Japanese Patent Publication No.62-35442 Japanese Examined Patent Publication No. 4-71961 Japanese Patent No. 3495264 Japanese Patent No. 3833502

  The technique described in Patent Document 4 is an extension of the technique described in Patent Documents 1 to 3, and the thermal expansion of the main body member 40 at a high temperature range (diffusion temperature range of additive components) during sintering. This is a technique when the amount is configured to be larger than the thermal expansion amount of the disk-shaped member 30. However, not only the column part 42 but the whole body member 40 expands, and even if the column part 42 is restrained from being expanded by the hole 32 of the disk-like member 30, the other part expands so that bending occurs.

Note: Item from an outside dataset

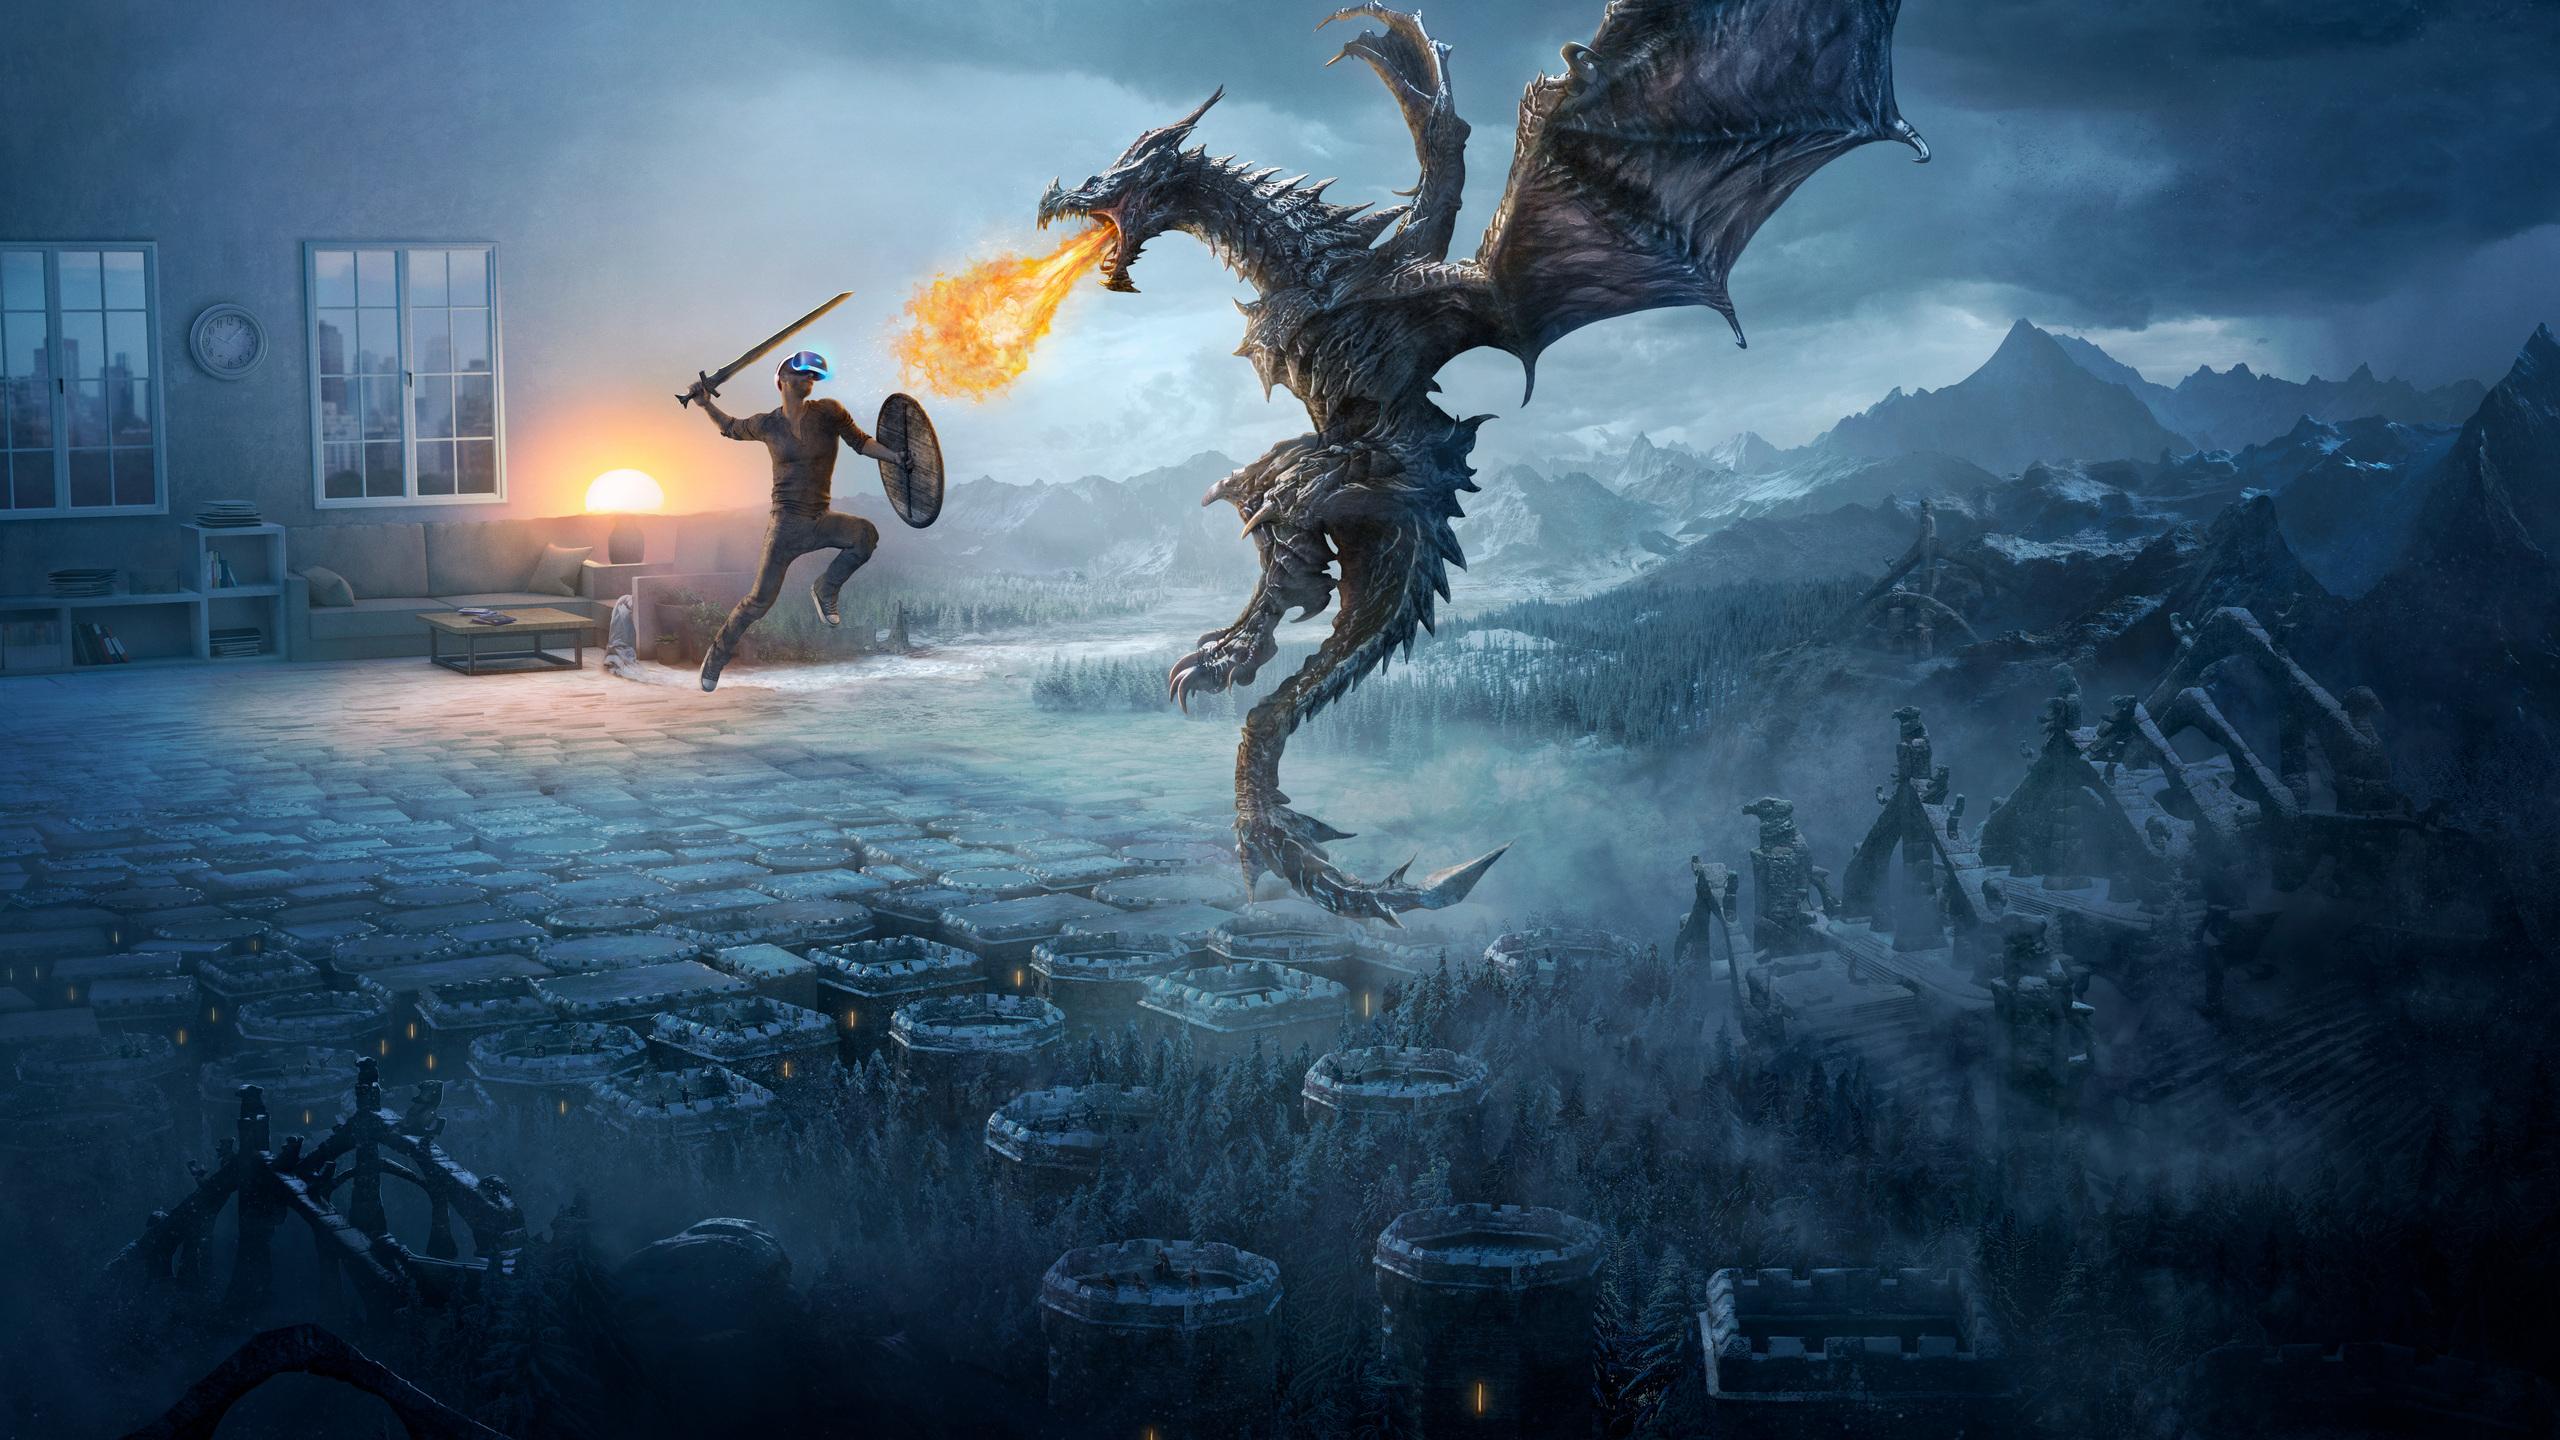 dragon-vs-vr-human-3m.jpg

As a result, the parallelism between the disk-shaped member 30 and the main body member 40 is impaired.

  Since the planetary carrier has a shape in which flange portions are formed at both ends of the column portion, it is difficult to correct the shape by re-pressing when the parallelism is impaired in this way. It becomes a big problem in doing. Further, in the disk-shaped member 30, the thin member 38 where the thickness between the outer peripheral edge 37 and the hole 32 shown in FIGS. As a result, the thin portion 38 is deformed, the circularity of the sintered disc-shaped member 30 (the dimensional accuracy of the tooth profile in the planetary carrier of FIG. 1) is deteriorated, and the thin portion 38 is easily broken. It also has problems.

  As described above, the present invention fits and sinters the green compact of the outer member having a plurality of column portions and the green compact of the inner member having a hole corresponding to the column portion of the green compact of the outer member. In integrating, both members can be integrated with sufficient bonding strength, regardless of the difference in thermal expansion in the high temperature range during sintering of the outer member and inner member, and the outer member and inner member can be integrated. It is an object of the present invention to provide a method for manufacturing a composite sintered machine part such as a planetary carrier that can prevent bending and further deformation and breakage of a thin portion of an outer member.

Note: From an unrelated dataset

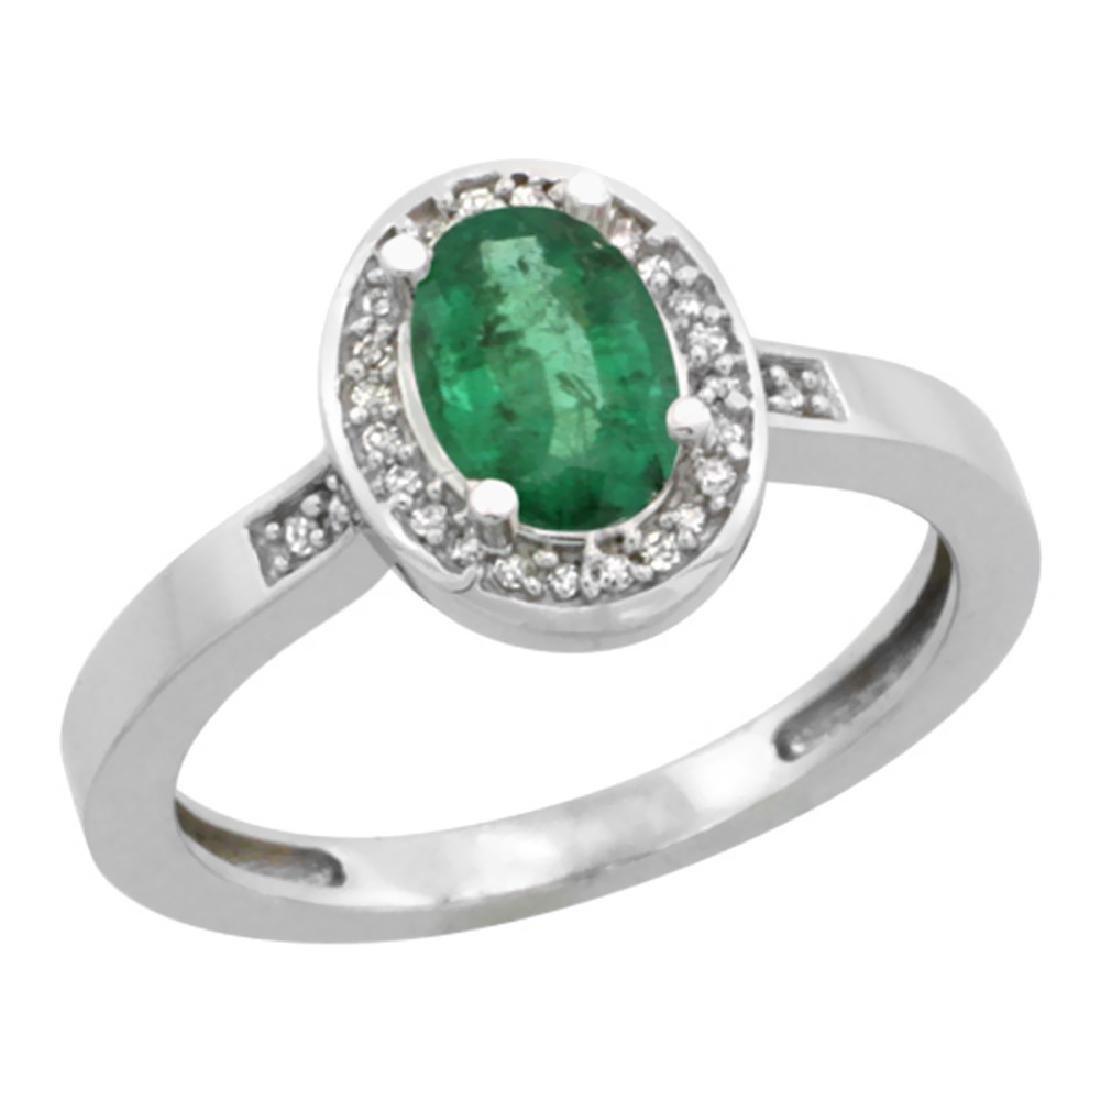 Natural 1.08 ctw Emerald & Diamond Engagement Ring 10K

The present invention is an iron-based alloy powder or a mixed powder of an iron-based, column portions arranged at intervals in the circumferential direction, and a circular cylindrical that have a surrounded by the shaft holes of these pillar portion an inner member, and has a hole portion corresponding to the pillar portion of the inner member, corresponding to the shaft hole of the inner member, and a disc-shaped outer member that having a shaft hole continuous to the hole, respectively Compression molding is performed to obtain the inner member and the outer member as green compacts respectively, and then the pillars of the inner member are fitted into the holes of the outer member, and the two members are sintered and integrally joined while maintaining the state. In order to fit the green compact column of the inner member to the hole of the green compact of the outer member, a circumferential side surface intersecting the circumferential direction of the inner member; The circumferential side surface intersecting with the circumferential direction in the hole of the outer member has a fastening allowance of 0 to 0.03. m, and a radial side surface that intersects the radial direction in the column part of the inner member and a radial side surface that intersects the radial direction in the hole part of the outer member have a tightening margin of 0.01 mm or less. It is characterized by an interference fit or a gap fit.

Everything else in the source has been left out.